Todman appeared to be in good health and excellent spirits. He had been out
shooting during the afternoon, and appeared to have thoroughly enjoyed himself.
He was employed by the Shell Oil Company in Melbourne. An inquest will be held.”[i]
WHAT IT
SUGGESTS
At first reading the item is a model of the genre:
economical, sympathetic in tone, and tidily resolved. A visitor from the city
collapses at a country dance. A nurse attends. A doctor is summoned. Life is
pronounced extinct.

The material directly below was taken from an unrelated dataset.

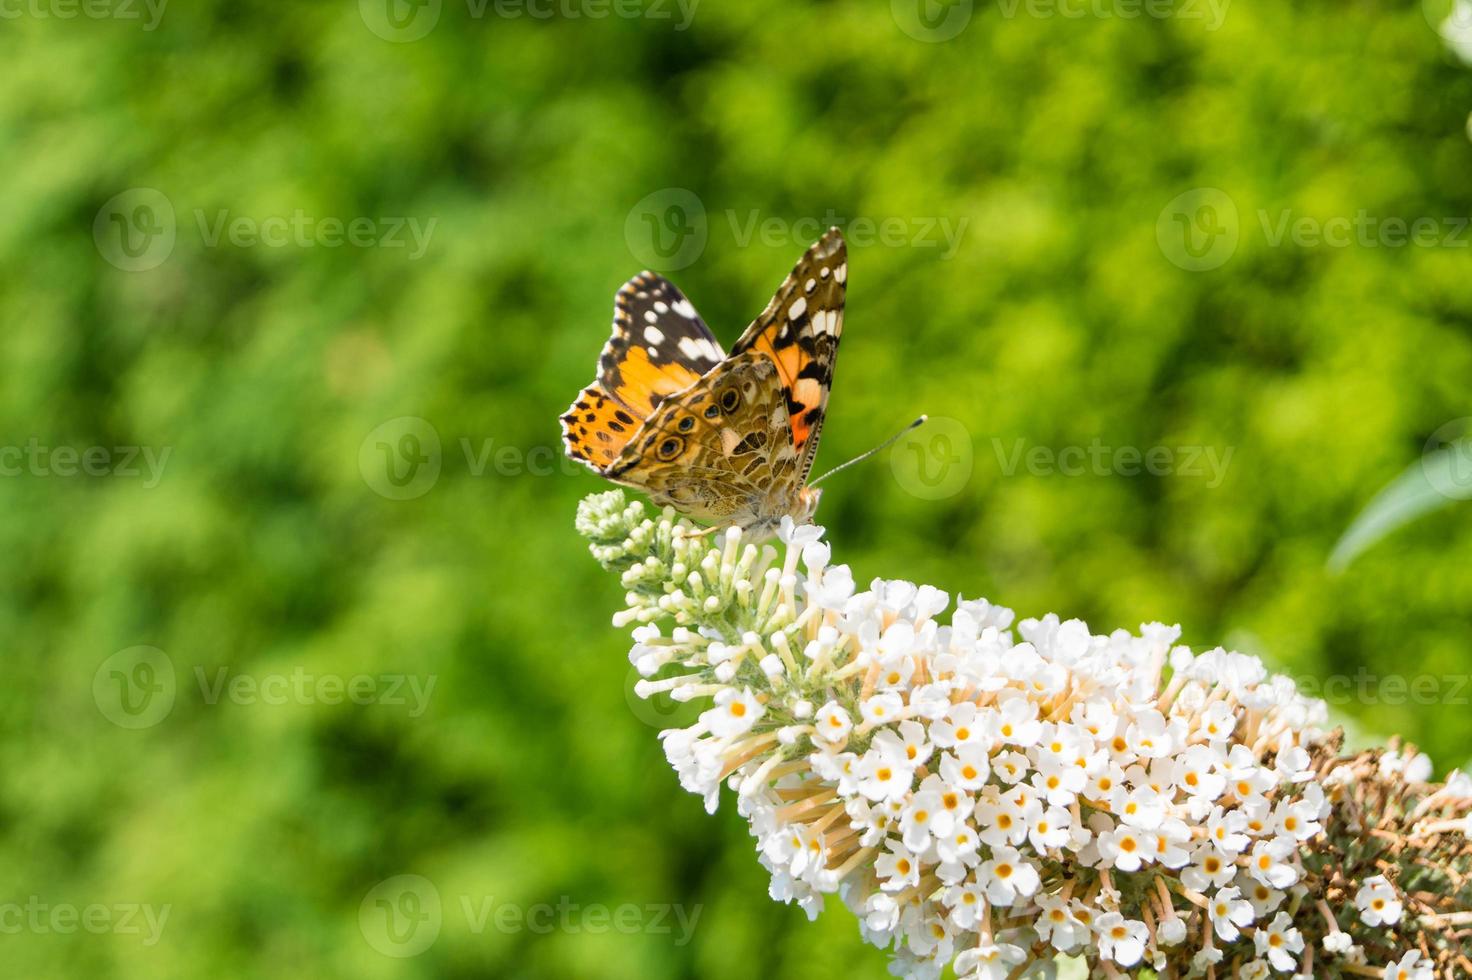 Butterfly Vanessa Cardui or Cynthia cardui in the garden photo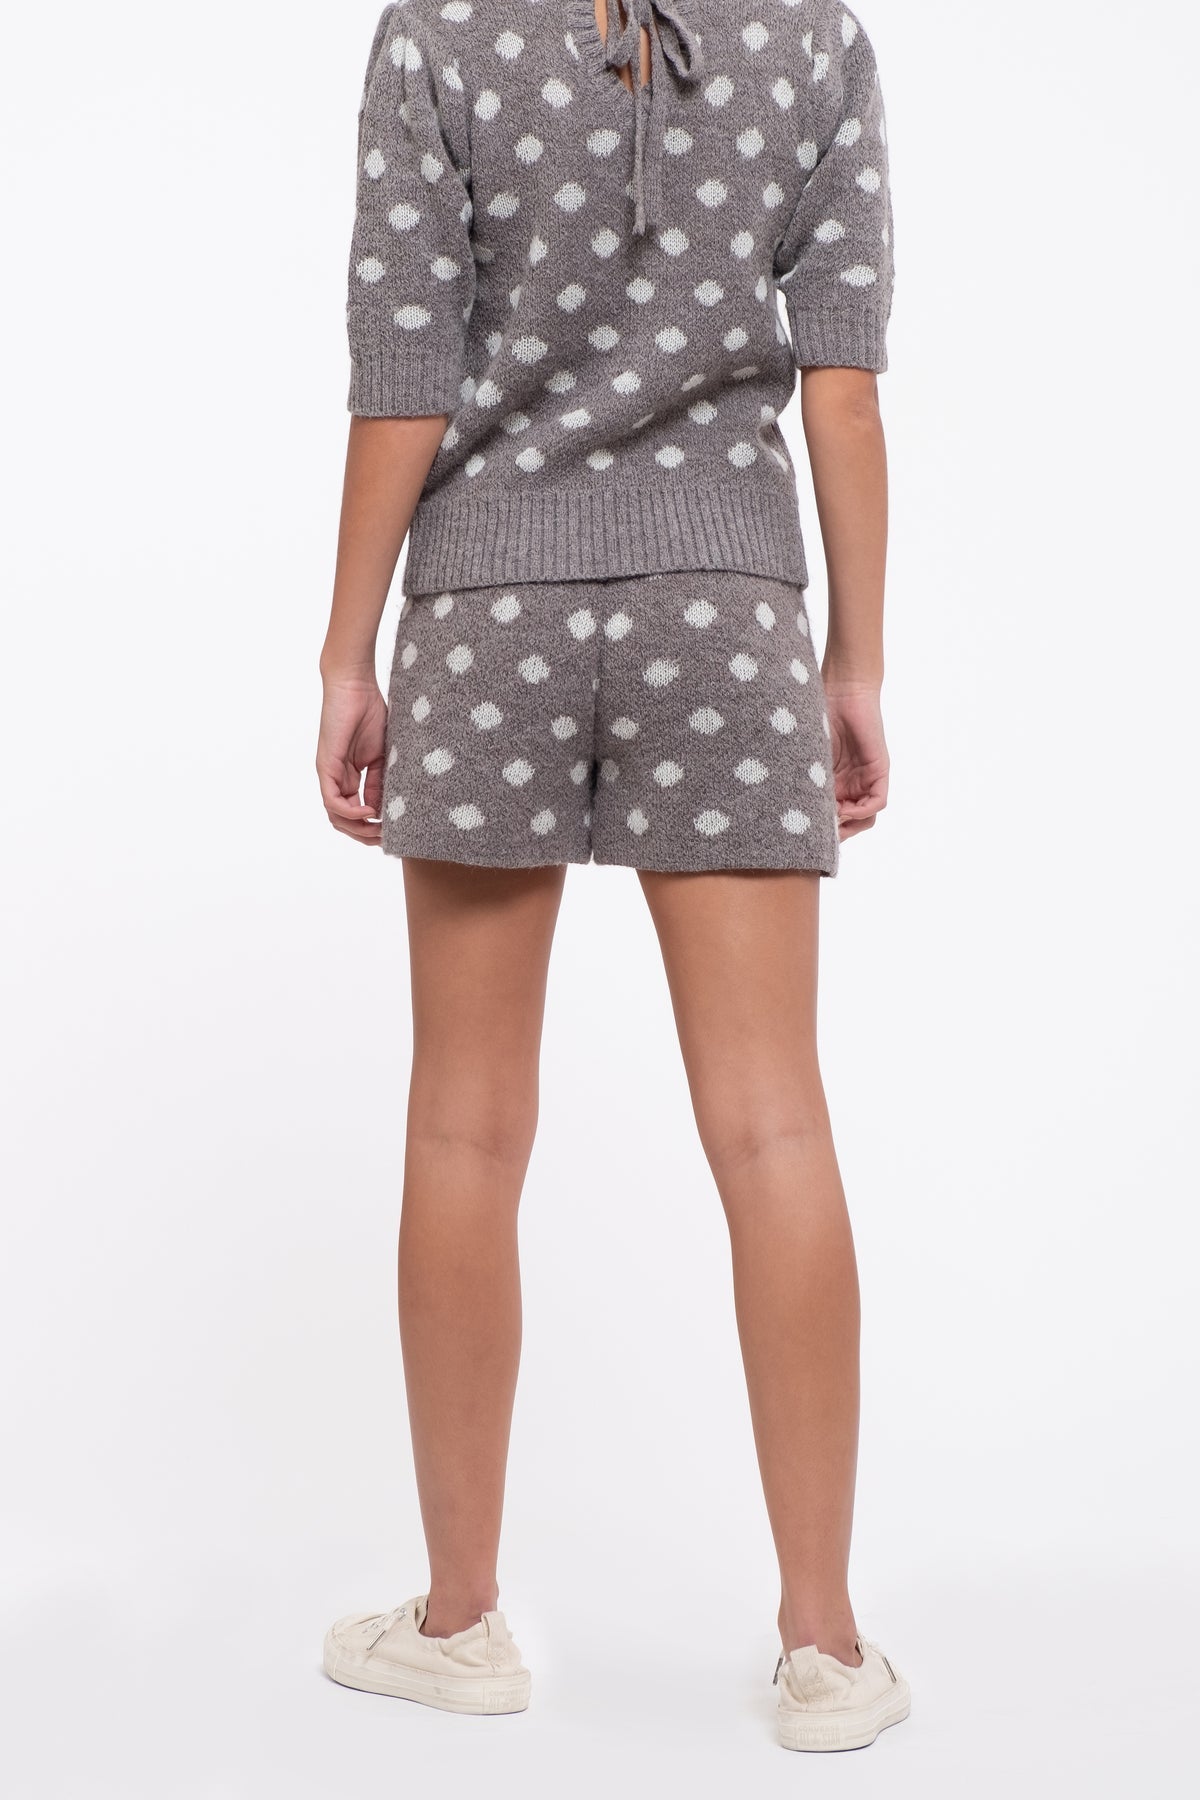 Dotted High Waisted Knit Lounge Shorts.

The language is formal and distancing — “life extinct”
rather than “he died” — and the emotional register is managed carefully: “much
sympathy is felt,” the gathering is “naturally upset,” and the young widow and
her two children are mentioned in a single sentence before the piece moves on
to the inquest notice.
The clipping tells us Lincoln was thirty or thirty-one
years old, that he worked for the Shell Oil Company in Melbourne, and that he
was on holiday visiting his wife’s uncle, Norman Crump. It suggests a sudden,
unexpected death in a man who appeared well and was enjoying himself. It is accurate in all the essentials. But accuracy and completeness are very different
things.
LOOKING
CLOSER
The death was covered not just locally but nationally.
The same item — or a wire-service version of it — appeared in the Brisbane
Telegraph, the Tasmanian Advocate, the Grafton Daily Examiner, and papers in
Mackay and Melbourne. This was not because Lincoln Todman was prominent; he was
an ordinary working man. It was because “man dies at country dance” was a
compact, self-contained human-interest story that filled column inches
efficiently.
When the newspaper accounts are read alongside the
inquest documents, some details begin to shift. The Camperdown Chronicle places
the collapse at “about 11.30 o’clock” — but Senior Constable Casey’s police
report and Dr S. I. Weir’s sworn testimony both record the time as
approximately 10.30 pm. The doctor did not arrive until some time after that.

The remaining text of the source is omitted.